Abstract:
BACKGROUND : Targeted metagenomics and IS-Pro method are two of the many methods that have been used to
study the microbiome. The two methods target different regions of the 16 S rRNA gene. The aim of this study was
to compare targeted metagenomics and IS-Pro methods for the ability to discern the microbial composition of the
lung microbiome of COPD patients.
METHODS : Spontaneously expectorated sputum specimens were collected from COPD patients. Bacterial DNA was
extracted and used for targeted metagenomics and IS-Pro method. The analysis was performed using QIIME2
(targeted metagenomics) and IS-Pro software (IS-Pro method). Additionally, a laboratory cost per isolate and time
analysis was performed for each method.
RESULTS : Statistically significant differences were observed in alpha diversity when targeted metagenomics and ISPro
methods’ data were compared using the Shannon diversity measure (p-value = 0.0006) but not with the
Simpson diversity measure (p-value = 0.84). Distinct clusters with no overlap between the two technologies were
observed for beta diversity. Targeted metagenomics had a lower relative abundance of phyla, such as the
Proteobacteria, and higher relative abundance of phyla, such as Firmicutes when compared to the IS-Pro method.
Haemophilus, Prevotella and Streptococcus were most prevalent genera across both methods. Targeted
metagenomics classified 23 % (144/631) of OTUs to a species level, whereas IS-Pro method classified 86 % (55/64) of
OTUs to a species level. However, unclassified OTUs accounted for a higher relative abundance when using the ISPro
method (35 %) compared to targeted metagenomics (5 %). The two methods performed comparably in terms
of cost and time; however, the IS-Pro method was more user-friendly.
CONCLUSIONS : It is essential to understand the value of different methods for characterisation of the microbiome.

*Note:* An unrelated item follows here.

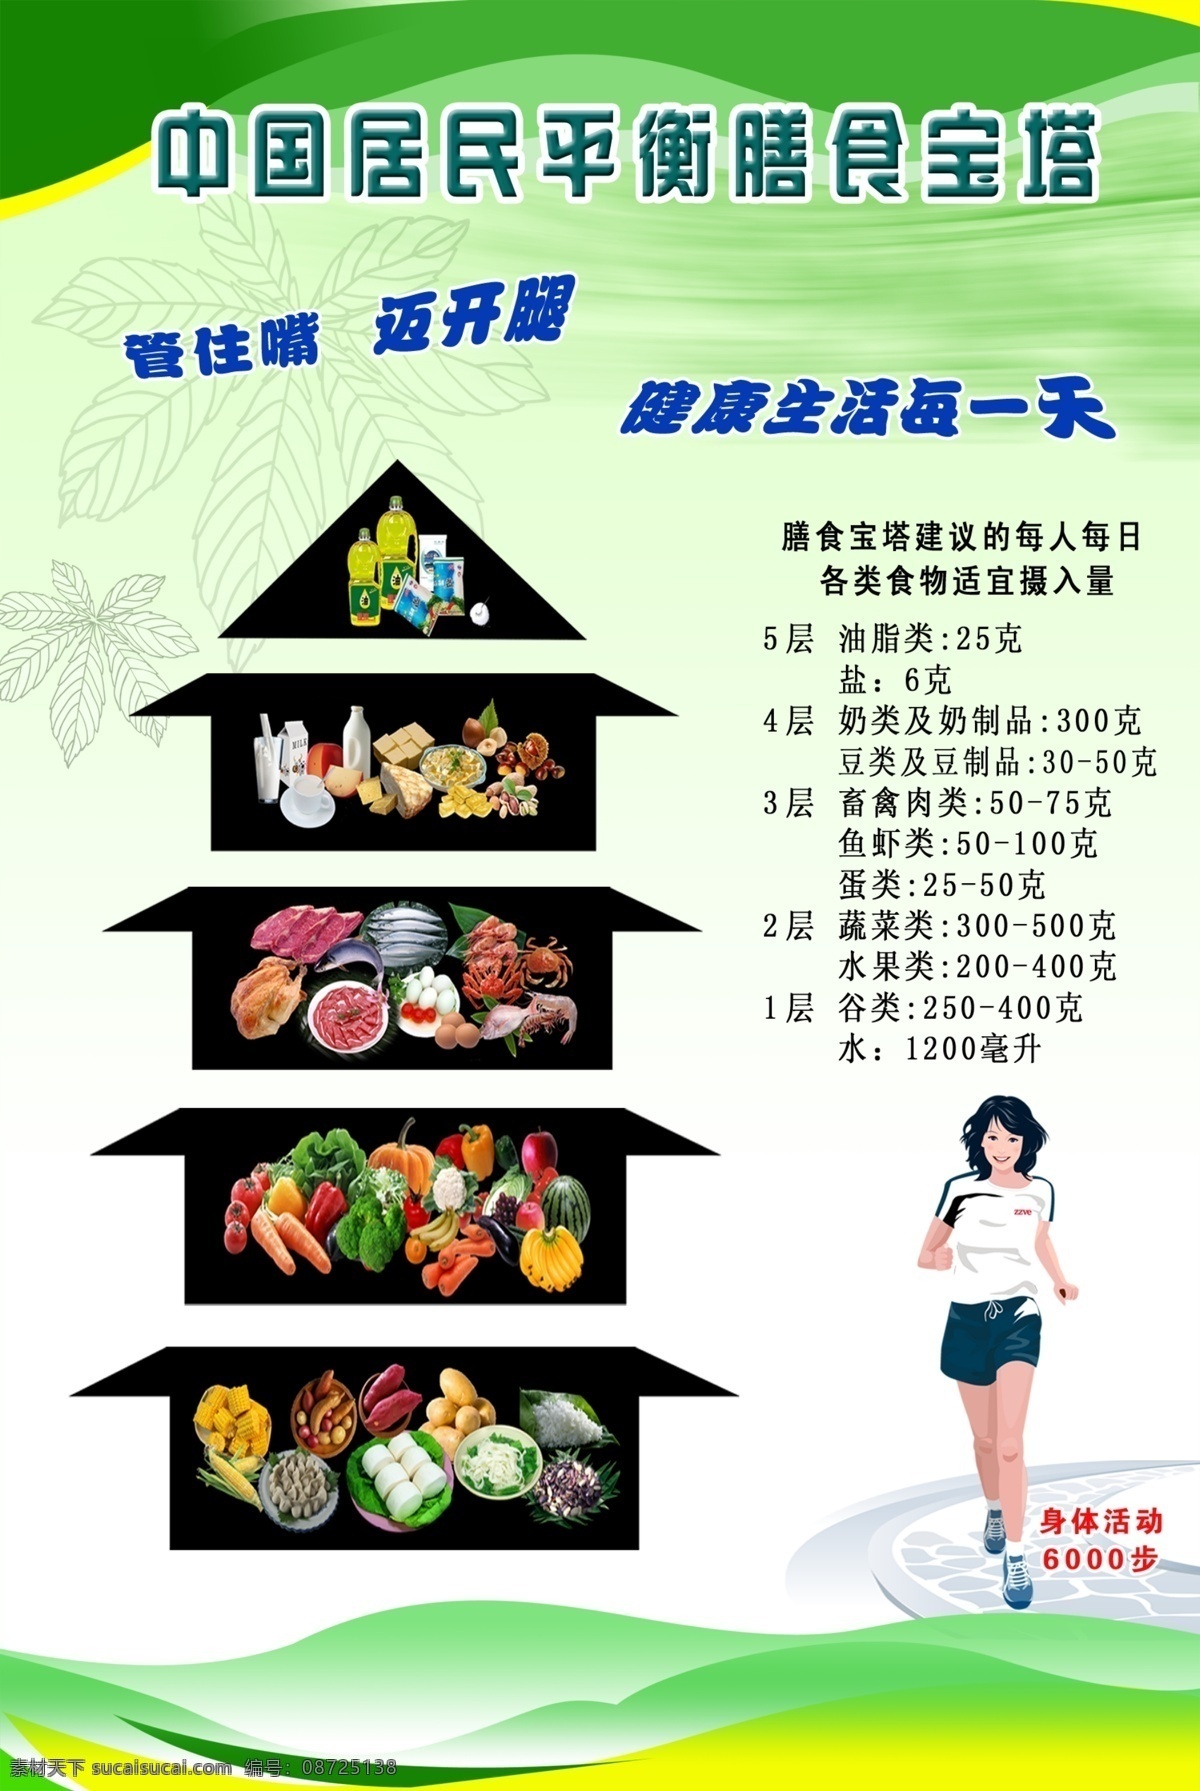 中国 居民 平衡 膳食 宝塔 营养 健康 学校橱窗海报 展板模板 膳食宝塔 健康专栏 展板背景 制度背景 展板 其他模版 广告设计模板 源文件

Targeted metagenomics and IS-Pro methods showed differences in ability in identifying and characterising OTUs,
diversity and microbial composition of the lung microbiome. The IS-Pro method might miss relevant species and
could inflate the abundance of Proteobacteria. However, the IS-Pro kit identified most of the important lung pathogens, such as Burkholderia and Pseudomonas and may work in a more diagnostics-orientated setting. Both
methods were comparable in terms of cost and time; however, the IS-Pro method was easier to use.
Description:
SUPPLEMENTARY MATERIAL: Table S1. Inclusion and exclusion criteria for COPD patients in this study. Table S2. Clinical characteristic of patients. Table S3. Comparison of the number of amplicons and operational taxonomic units for each sample for the targeted metagenomics and IS-Pro methods. Figure S1. Relative abundance of specific phyla in the sputum microbiome of COPD participants as detected by targeted metagenomics and IS-Pro methods (n = 23). The dots represent the different abundances of each sample, according to the different phyla. Phyla that are depicted with a single line on the y-axis were not present in any samples for that method. Figure S2. Bar plots showing the relative abundance of genera in the sputum microbiome of COPD participants as characterised by targeted metagenomics and IS-Pro methods (n = 23). The operational taxonomic units that could not be classified at a genus level are indicated as NA on the graph. Figure S3. The distribution of the unclassified operational taxonomic units (OTUs) at a class level of the sputum microbiome of COPD participants for targeted metagenomics and IS-Pro methods by phyla. At a class level, all the OTUs from targeted metagenomics could be classified.